Secretary of State Mike Pompeo said that President Donald Trump is unlikely to keep the US in the Iran nuclear deal past the next deadline to certify the deal in May.
"The President has been clear -- absent a substantial fix, absent overcoming the shortcomings, the flaws of the deal -- he is unlikely to stay in that deal past this May," Pompeo told reporters during a press conference at NATO headquarters in Brussels.
Pompeo, on his first trip as the top US diplomat, also said the US and NATO were prepared to push back hard against Russia and congratulated South Korea and North Korea on their historic agreement to set aside their conflict and cooperate on denuclearizing their shared peninsula.
Until that happens, though, Pompeo warned that the "maximum pressure campaign" to exert financial and diplomatic pressure on North Korea will continue. Pompeo, who met secretly with North Korean leader Kim Jong Un, said he got the sense that Kim was serious about negotiations.
"I don't want to say anything about the meeting itself," Pompeo said, before adding that, "yes, I did get a sense that he was serious."
"The economic pressure that has been put in place by this global effort that President Trump has led has led him to believe that it is in his best interests to come to the table and talk about de-nuclearization," Pompeo said.

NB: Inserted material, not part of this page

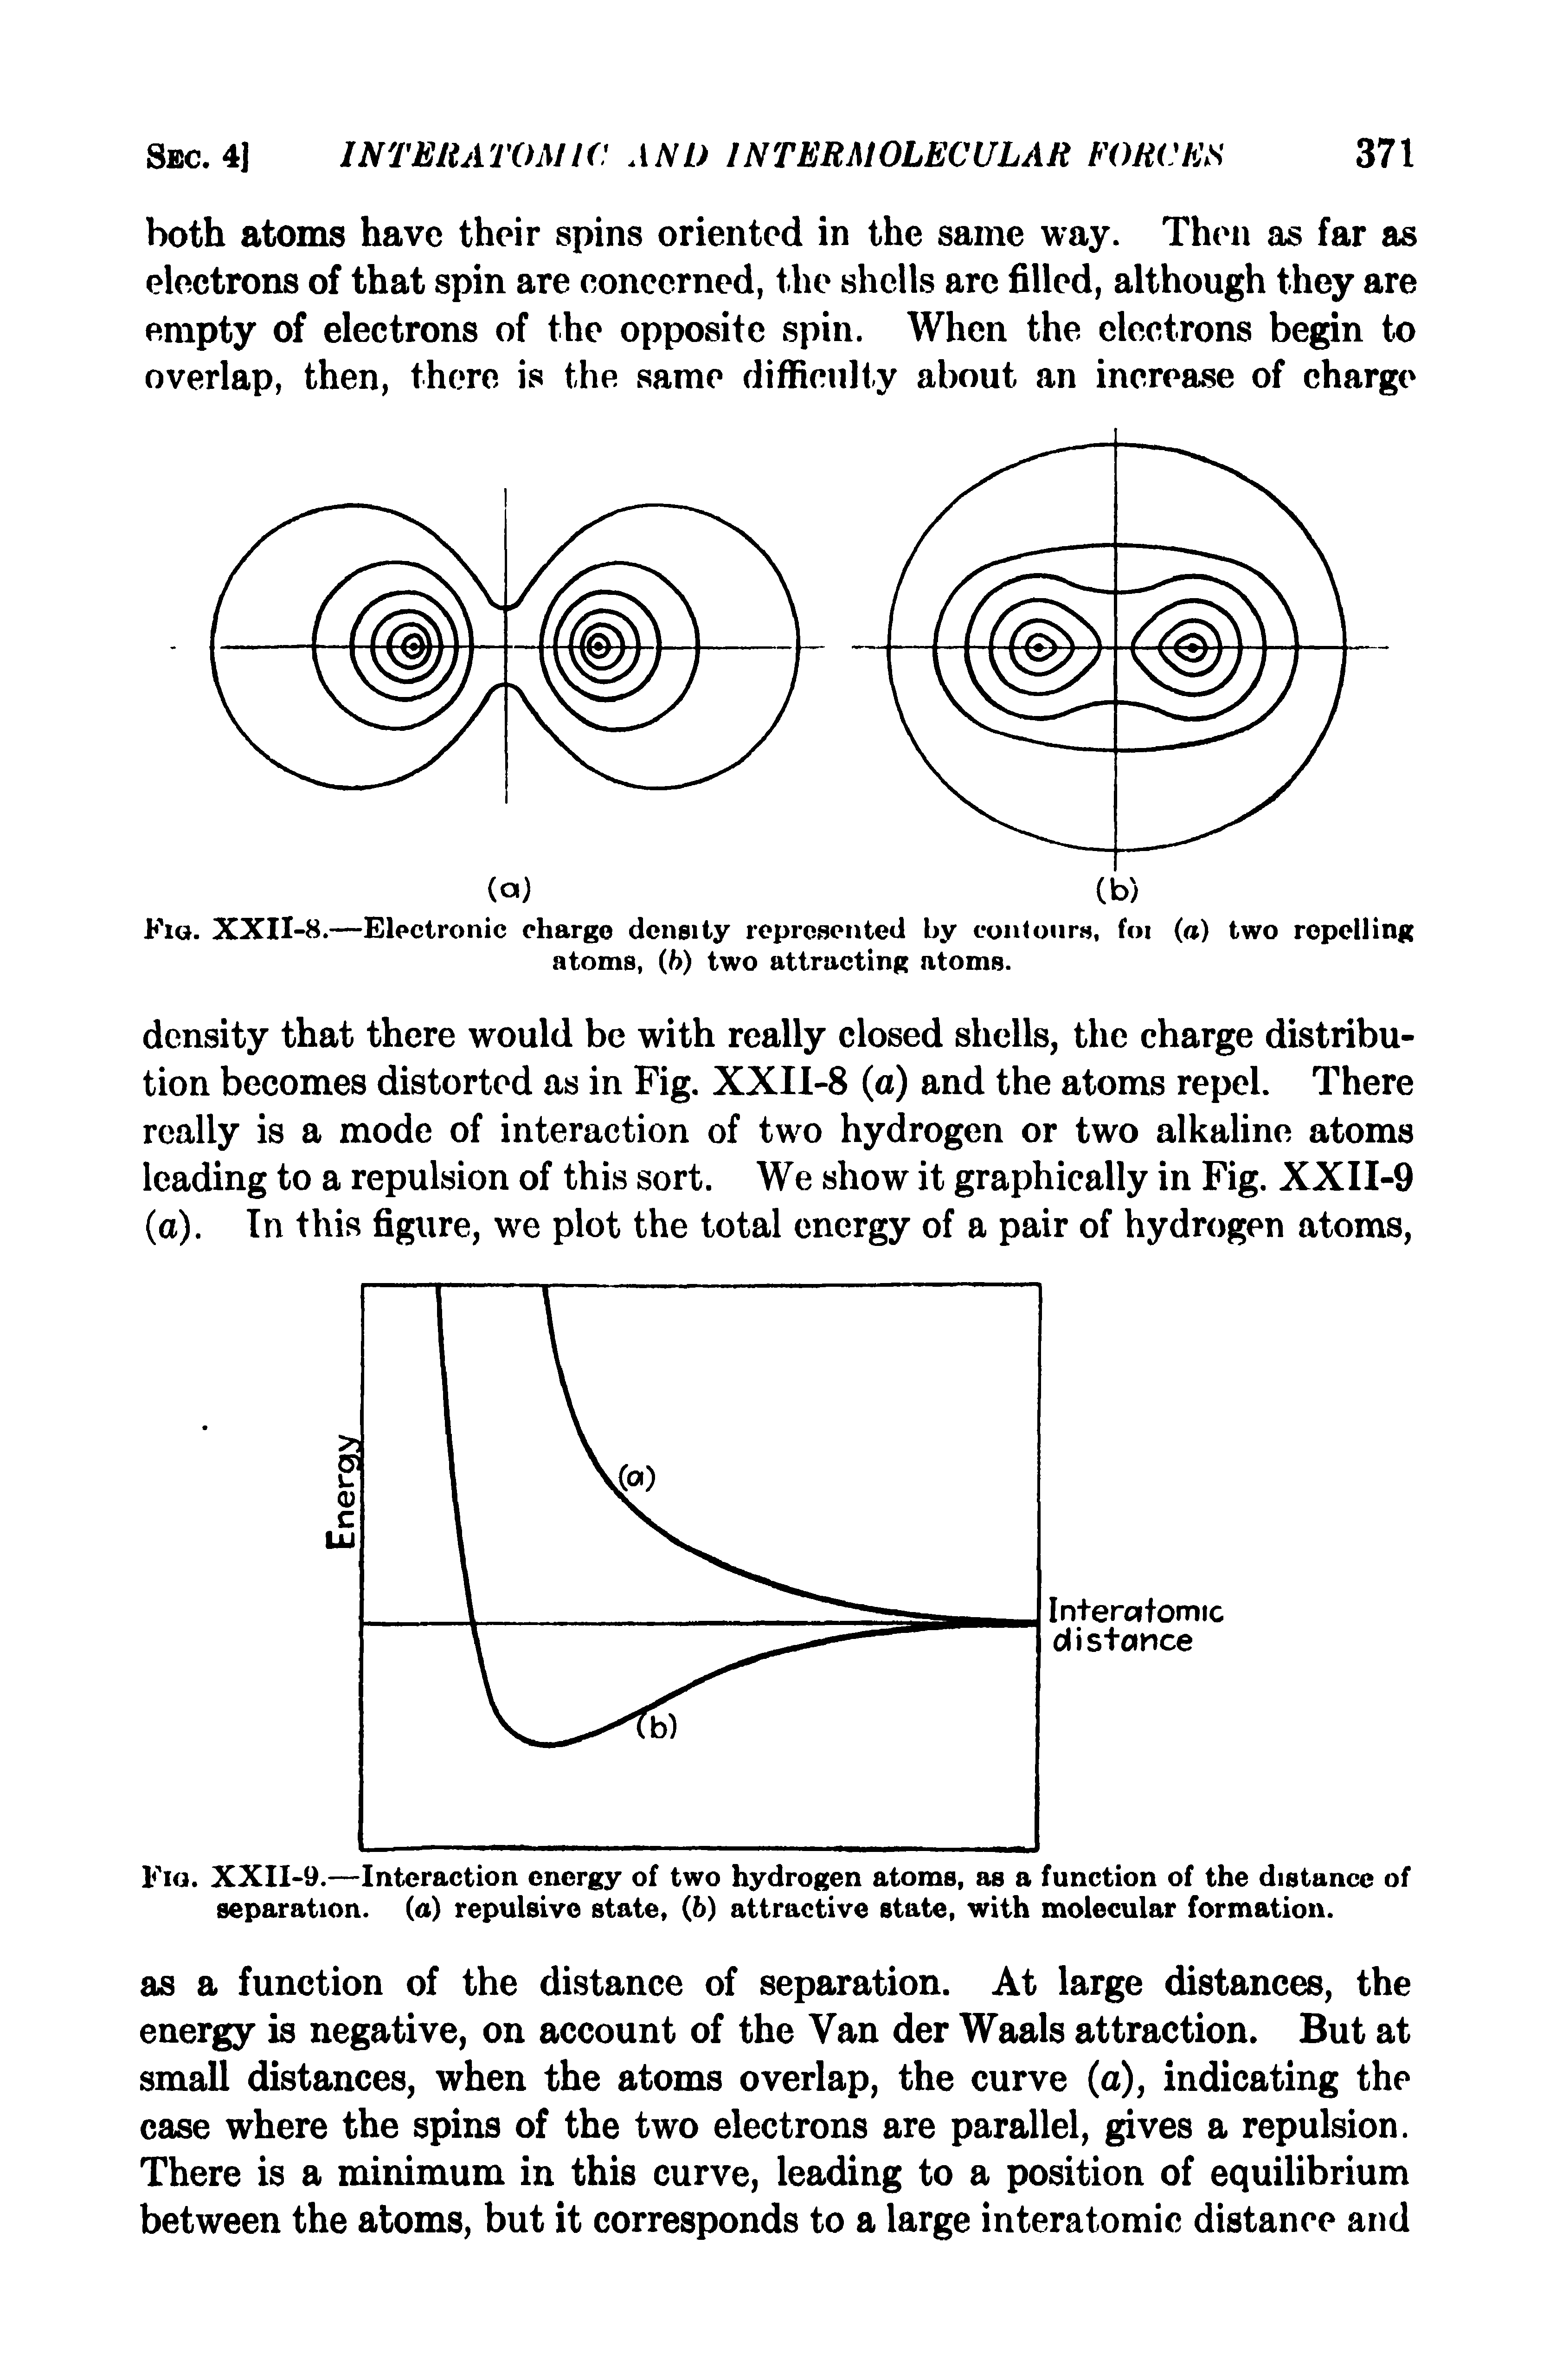 Fig. XXII-9.—Interaction energy of two hydrogen atoms, as a function of the distance of separation, (a) repulsive state, (6) attractive state, with molecular formation.

But he cautioned that history has shown the North Koreans to be wily negotiators and that many agreements in the past have been hailed, only to disintegrate. "There is a lot of history here where promises have been made, hopes have been raised and then dashed," he said.

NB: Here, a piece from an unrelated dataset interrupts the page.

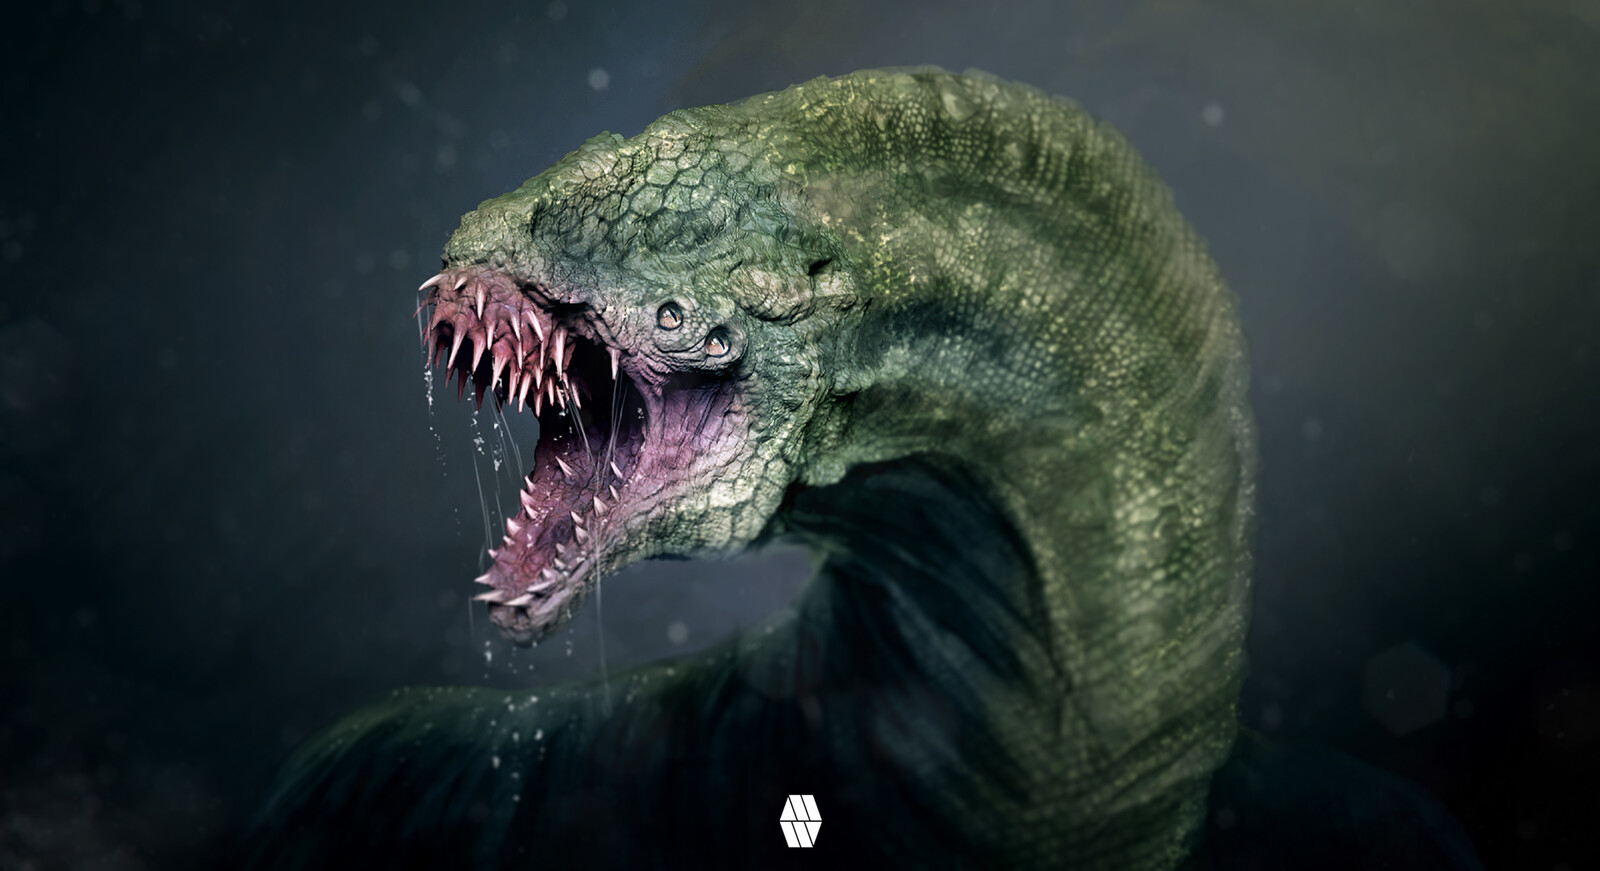 Serpent Concept - Personal Project

Trump is set to meet Kim for a summit, possibly in May. "In the event it fails," Pompeo said, "respectfully President Trump will walk away and the pressure will remain, but in the event we reach a resolution, it would be a wonderful thing for the world."
Pompeo will go from Brussels, where he has been meeting with NATO allies and focusing primarily on the threat from Russia, to the Middle East, where Iran will likely be the major point of discussion.
Trump has consistently denigrated the deal, calling it "insane" during a visit by French President Emmanuel Macron. His chief complaints are that the deal doesn't cover Iran's ballistic missile program or its regional activities, and that some clauses expire. The deal bars Iran from gaining a nuclear weapon regardless of the so-called "sunset clauses."
Trump set a May 12 deadline for the US and Europe to address issues that aren't covered in the nuclear deal, formally known as the Joint Comprehensive Plan of Action.
May 12 is the date by which Trump has to decide whether or not to continue waiving sanctions on Iran that were lifted under the Iran deal. Under US law, the President has to recertify the agreement every few months.
EU nations continue to strongly support the deal and have been working with US negotiators to find ways to address Trump's complaints, but during Macron's visit it seemed increasingly clear that the President will walk away and push for some other approach.
Sources familiar with Trump's conversations with Macron suggest that a separate agreement is under discussion that has the force of a treaty that will exist alongside the original nuclear deal.
Pompeo said that "there has been no decision made" yet and the "team is working."
He added that during his Mideast stops he would be talking about Trump's concerns and "about ways to potentially address those shortcomings."